Wednesday, August 3, 2011

NYC Restaurant Review: Dakar Senegalese Food in Clinton Hill - Food At Your Fingertips

In general I have found African cuisines greatly under appreciated. Ethiopian has caught on as well as North African food like Moroccan, but most African cuisines are unknown to most Americans. This is a shame because the handful of African restaurants I have found have generally been quite good.

Dakar is a good example of this. Located in Clinton Hill, at 285 Grand Ave (between Lafayette ave and Clifton pl), it was a short bus ride away for us. The menu had already hooked us in with its mix of Senegalese and other African dishes. I had read some very disparaging customer reviews on some websites, but we found nothing to complain about. The service was good. I got the impression that any time something took awhile to come it was because it was being made fresh rather than just being scooped out of a pot prepared long before as is done at many restaurants. And the food was quite good.

We started with Pepe Soup, a fairly spicy fish soup. This really is a bit spicy, even to me, so spice wimps should avoid it. But if you are like Joy and me and appreciate food that kicks back, the Pepe soup will satisfy you. One touch that impressed me is that although they brought us bread before the meal (standard, decent French bread) they brought us more specifically to go with the soup. The bread brought before the meal was cut thick while the bread brought for the soup, though the same kind of bread, had been warmed enough to give it a very slight crunch and had been sliced much thinner so it went with the soup better. That kind of small touch shows real thought about the food.

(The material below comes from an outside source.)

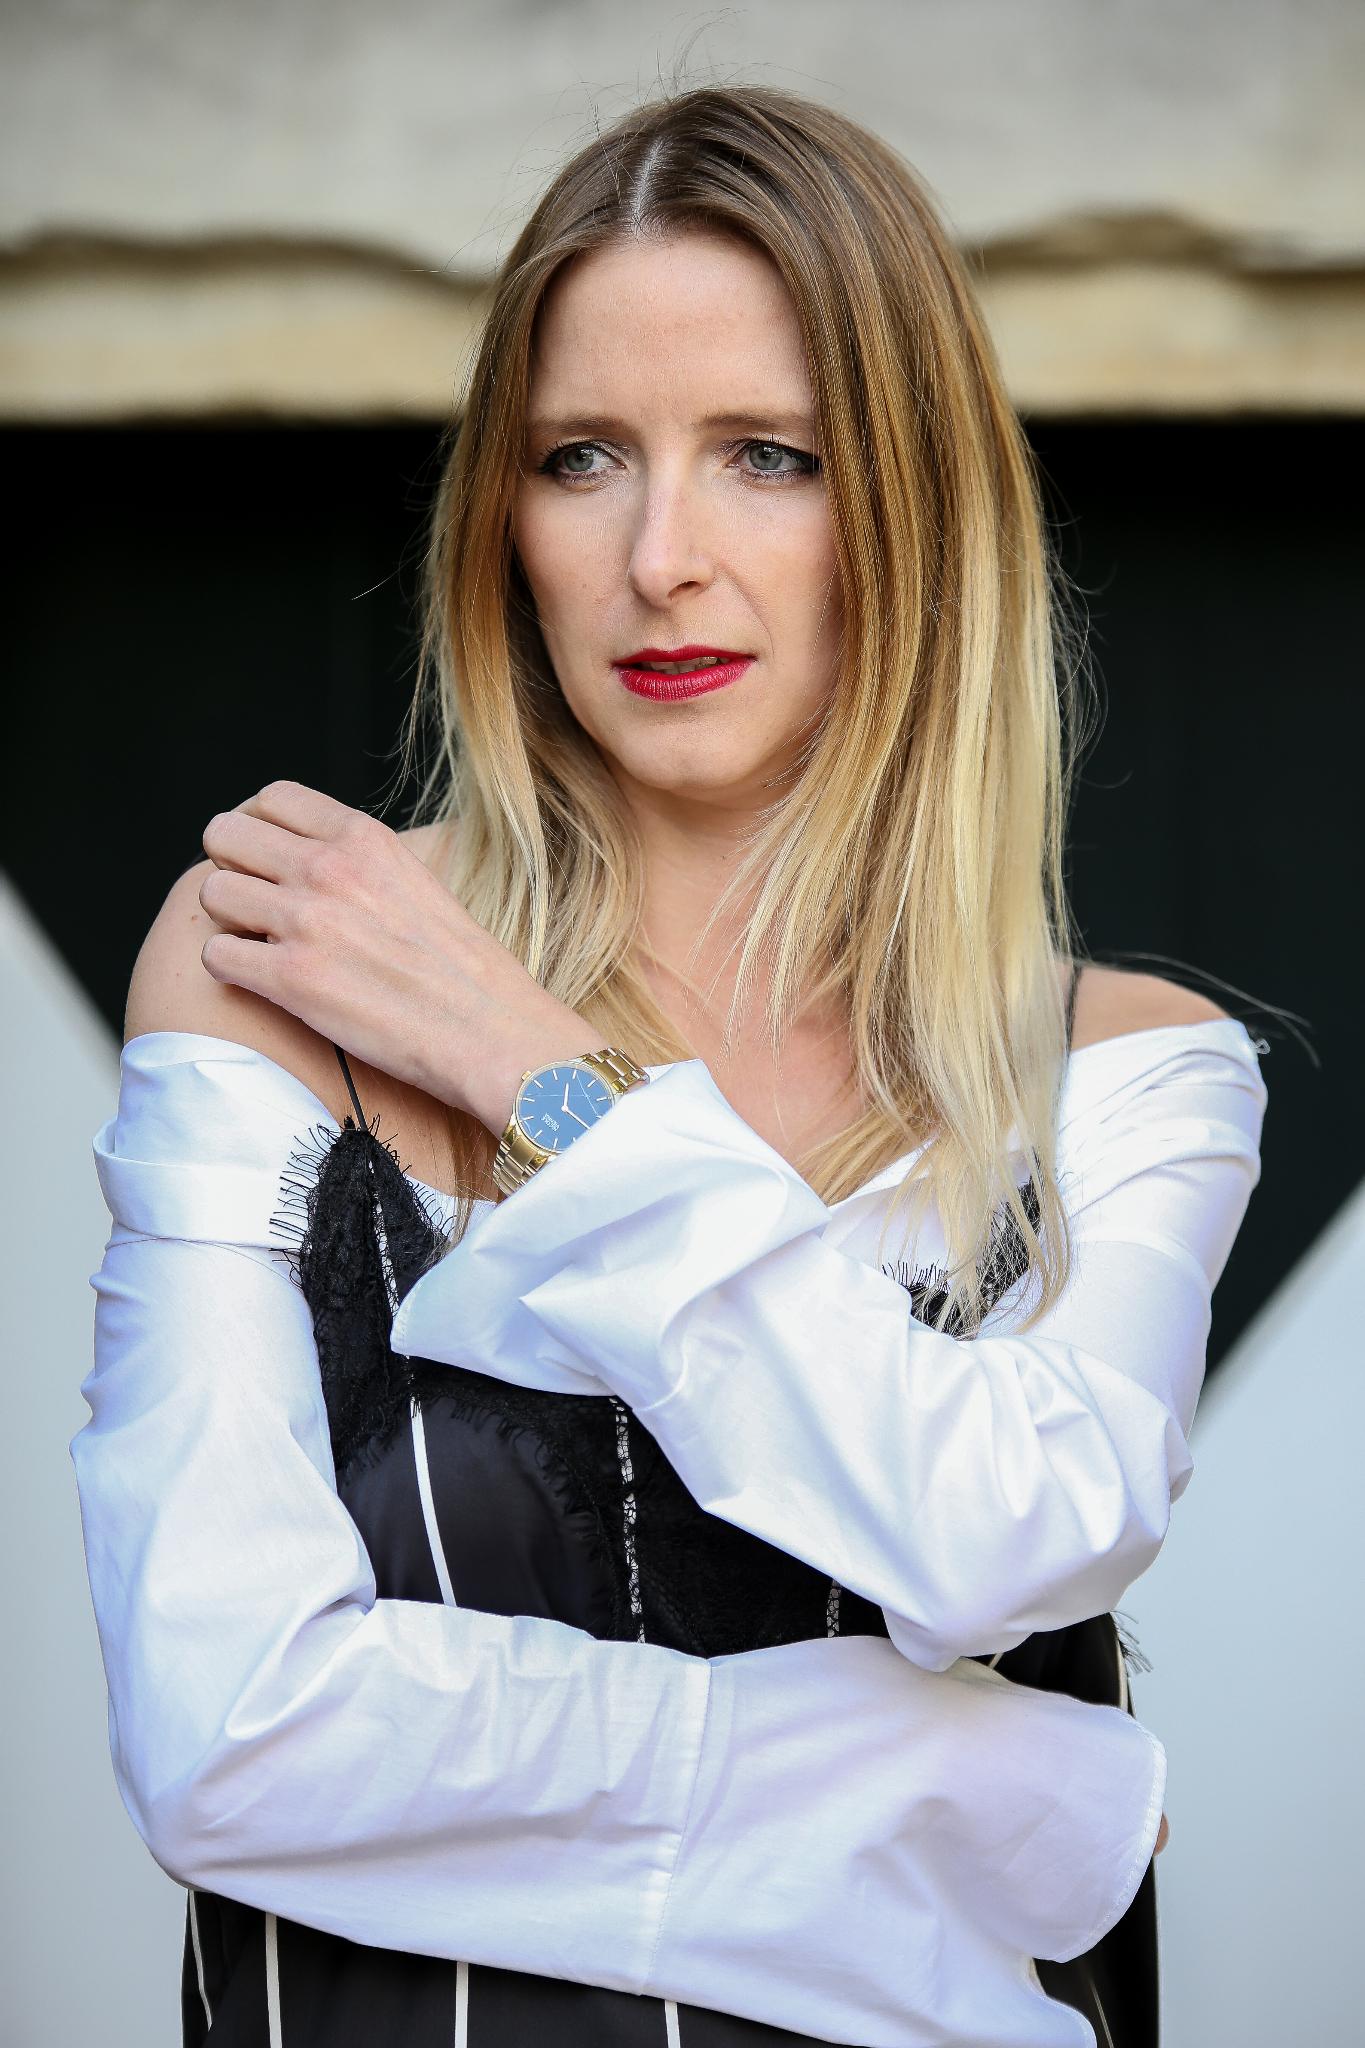 Fashion_Outfit_Off_Shoulder_Striped_Slipdress_MOD - by Monique-3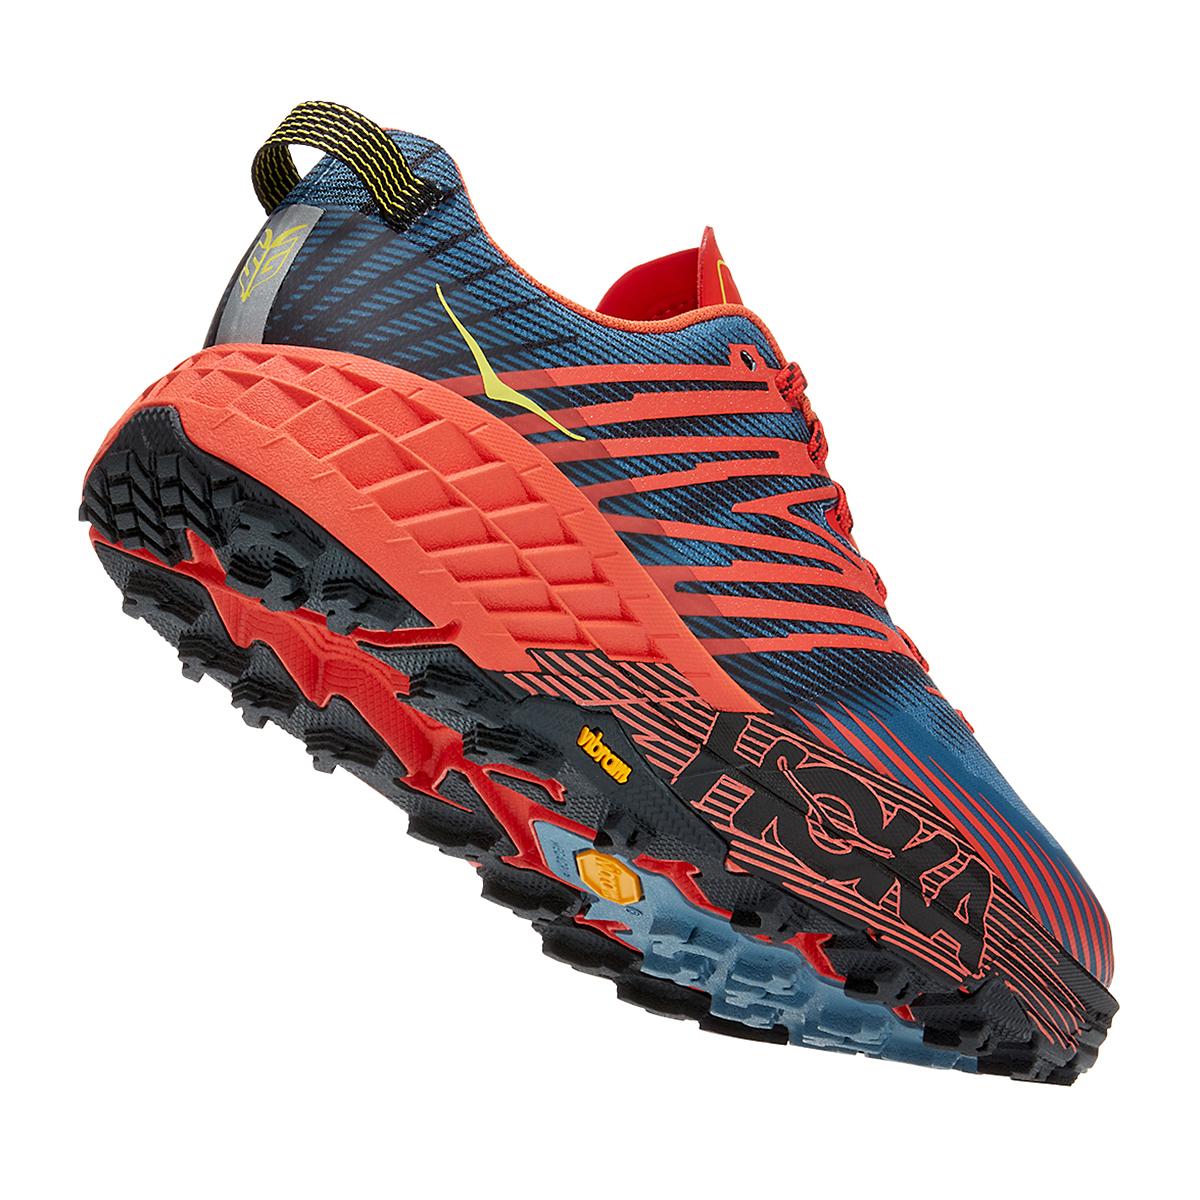 Men's Hoka One One Speedgoat 4 Trail Running Shoe, , large, image 6

We also got two appetizers. The one truly spectacular dish was the shrimp and sweet potato fritters. We liked everything, but this dish stood out as being nearly perfect. I wouldn't have necessarily picked shrimp and sweet potatoes going well together, but they combined perfectly with a salad and a kind of sweet and sour sauce to go with it. Highly recommend this one. We also got plantain papillote, which was a whole, roasted plantain with tamarind coleslaw. Now, having spent a few months in Western Samoa, I can tell you that there is only so much you can do with a whole plantain. Roasting it whole gives it a slight, caramelized sweetness which went well with the sourness of the tamarind sauce. And, spicy soup aside, this begins a theme that I noticed in the cuisine of sweet mixed with sour in several of the dishes. The plantain was good and filling, though not on par with the fritters.

For main courses we got yassa guinnaar, which was roasted chicken with a lemon and onion comfit and jasmine rice, and vegan mafe, a peanut and vegetable stew with millet couscous. The chicken was quite good, though a little too sour for my tastes. I think this one dish missed just the right balance of sweet and sour, but was still good. The chicken was prepared just right, not dry at all. The stew was a bit like a vegetarian tagine and I did find myself thinking it might be better with some lamb or chicken in it, but it was none the less quite good. Perhaps my second favorite dish next to the fritters. The stew didn't follow the sweet/sour theme of most of the meal, but instead depended on peanuts and the flavor of the vegetables. I have always liked the use of peanuts (also called groundnuts in Africa) in African cooking and this dish was a good example. I found myself using the bread left over from the soup (nice and thinly sliced with a slight crunch to it) to dip in the peanut sauce.

With dinner we ordered the tamarind and the ginger juices. We loved them, but be warned. They are potent flavors. If your idea of a good ginger beverage is ginger ale, this is not for you. If you like a potent ginger beer, then you are getting closer to what real ginger juice is like. I love it, but it is a tad over powering. Similarly, with the tamarind juice, if you think of the sweet tamarind chutney in Indian cooking when you think tamarind, this juice will surprise you because in its more natural form tamarind is quite sour. If you like strong flavors, and I do, you'll like these juices.

For dessert we ordered a coconut custard with roasted mango and sweet millet with yogurt. Again, continuing the sweet/sour theme. The sweet millet with yogurt was very good with a contrast in textures between the grain and the yogurt. The coconut/mango combination was particularly striking. The smooth, coolness of the coconut flavor was a strong contrast with the sharpness of the roasted mango. My first bite of it I felt the contrast was more of a clash and I wasn't sure I liked it. But it was intriguing and by the third bite or so I was enjoying the sharp contrast in flavors. I would order both desserts again, but found I particularly liked the coconut/mango one once I got the hang of it.

Price was overall quite moderate. Appetizers and soups from $4-8. Main courses $10-15. They also offer some good-sounding sandwiches (served with yucca fries or plantain, and salad) for $7-8. For the price quite worth it.

One aspect we could not sample (having to put our kids to bed) was they have free salsa dancing from 10 PM - 3 AM. So they have nightlife for after dinner, but we didn't stay for it.

Would not consider this one of my top picks for restaurants, but we enjoyed it, the ingredients were good quality, service was fine, and we considered it quite reasonably priced.